RADARBEKASI.ID, BEKASI UTARA – Pemohon paspor untuk umrah diperkirakan bakal melonjak menyusul sudah adanya lampu hijau pelaksanaan ibadah umroh yang disampaikan oleh Kementerian Luar Negeri (Kemenlu) berdasarkan nota diplomatik Indonesia dengan Arab Saudi.

 Kepala Seksi Teknologi Informasi dan Sarana Informasi Keimigrasian Kantor Imigrasi Kelas I NonTPI Bekasi, Danis Paskah menyampaikan bahwa pihaknya tengah bersiap jika perjalanan ibadah umroh dipastikan mulai dibuka. Diantaranya adalah penambahan jumlah pegawai yang datang ke kantor atau Work From Office (WFO).


 

“Kemungkinan nanti untuk pegawai akan ditingkatkan dari 25 persen ke 50 persen,” katanya.


 Belum secara detail diperkirakan berapa besar jumlah pemohon paspor jika tanggal kepastian izin perjalanan ibadah umroh diumumkan. Namun, besar kemungkinan terjadi peningkatan yang signifikan.

 Sejauh ini calon jemaah umrah masih menahan diri, hal ini disebabkan lantaran belum ada kepastian izin perjalanan ibadah umroh dibuka. Sejauh ini hanya satu dua calon jemaah umroh yang mulai mengajukan permohonan paspor. “Kemungkinan akan terjadi lonjakan,” tambahnya.

 Saat waktunya tiba, ia menghimbau kepada calon jemaah umroh untuk melengkapi persyaratan permohonan paspor, diantaranya Kartu Tanda Penduduk (KTP), Kartu Keluarga (KK), hingga Akte Lahir. Jika akte lahir tidak dimiliki oleh calon jemaah, bisa digantikan dengan dokumen lain seperti surat nikah atau ijazah.

 

Layanan kolektif bisa dimanfaatkan oleh calon jemaah umrah untuk membuat paspor dengan ketentuan calon jemaah mengumpulkan minimal 20 pemohon kemudian mendaftarkannya melalui website Kantor Imigrasi Kelas I NonTPI Bekasi.

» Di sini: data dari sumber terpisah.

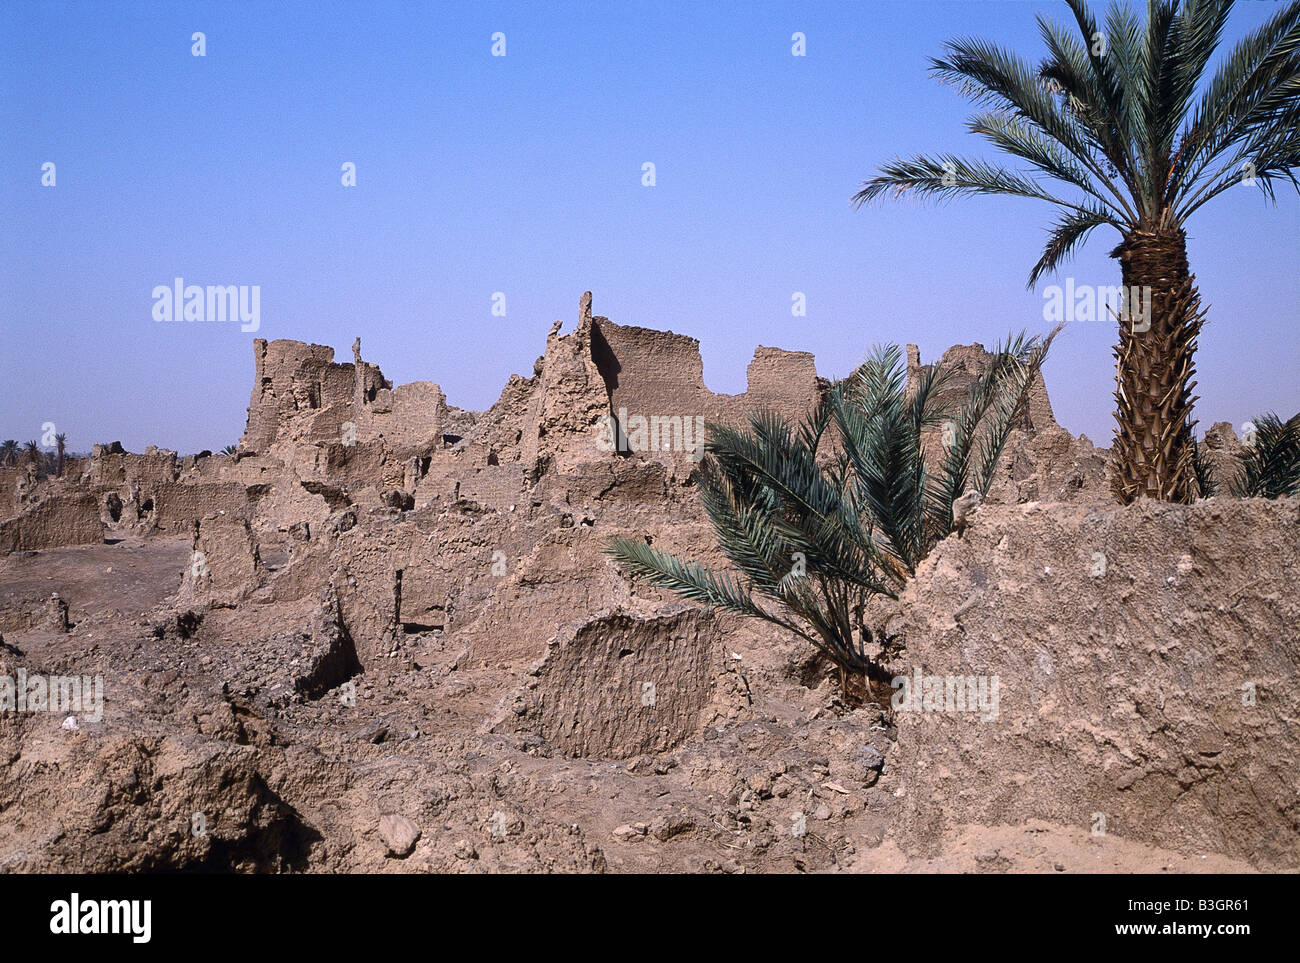 The ruins of the mud-built city of Germa or Garama at Wadi Al Hayat in the Sahara Desert, Libya. Stock Photo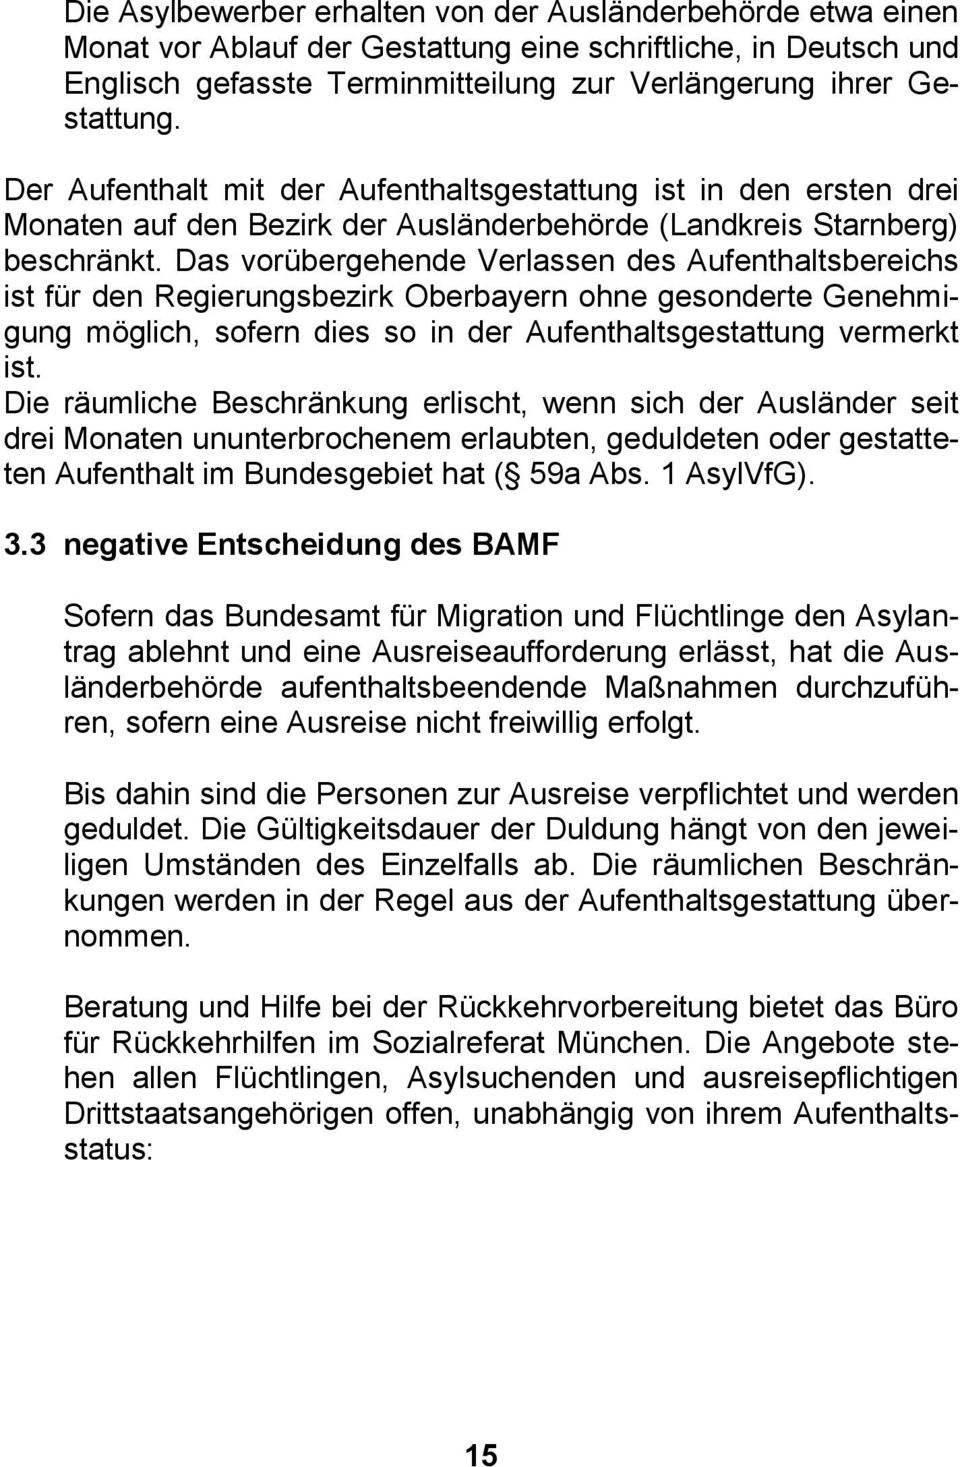 Das vorübergehende Verlassen des Aufenthaltsbereichs ist für den Regierungsbezirk Oberbayern ohne gesonderte Genehmigung möglich, sofern dies so in der Aufenthaltsgestattung vermerkt ist.

 Sebelumnya, Kepala Seksi Penyelenggaraan Haji dan Umrah (PHU) Kantor Kementerian Agama (Kemenag) Kota Bekasi, Sri Siagawati menyampaikan bahwa pihaknya juga masih menunggu keputusan resmi perjalanan umrah dibuka.

 Sampai dengan saat ini, ia belum mensosialisasikan hal ini kepada calon jemaah sebelum mendapat keputusan resmi. Pemberitahuan sementara ini baru disampaikan kepada perusahaan penyelenggara perjalanan umroh di Kota Bekasi untuk mempersiapkan diri.

 “Kita juga belum tahu berapa kuota yang akan diberikan Arab Saudi tiap bulannya berapa, kita berharap keputusan yang terbaik karena banyak jemaah umrah yang ingin kesana,” ungkapnya.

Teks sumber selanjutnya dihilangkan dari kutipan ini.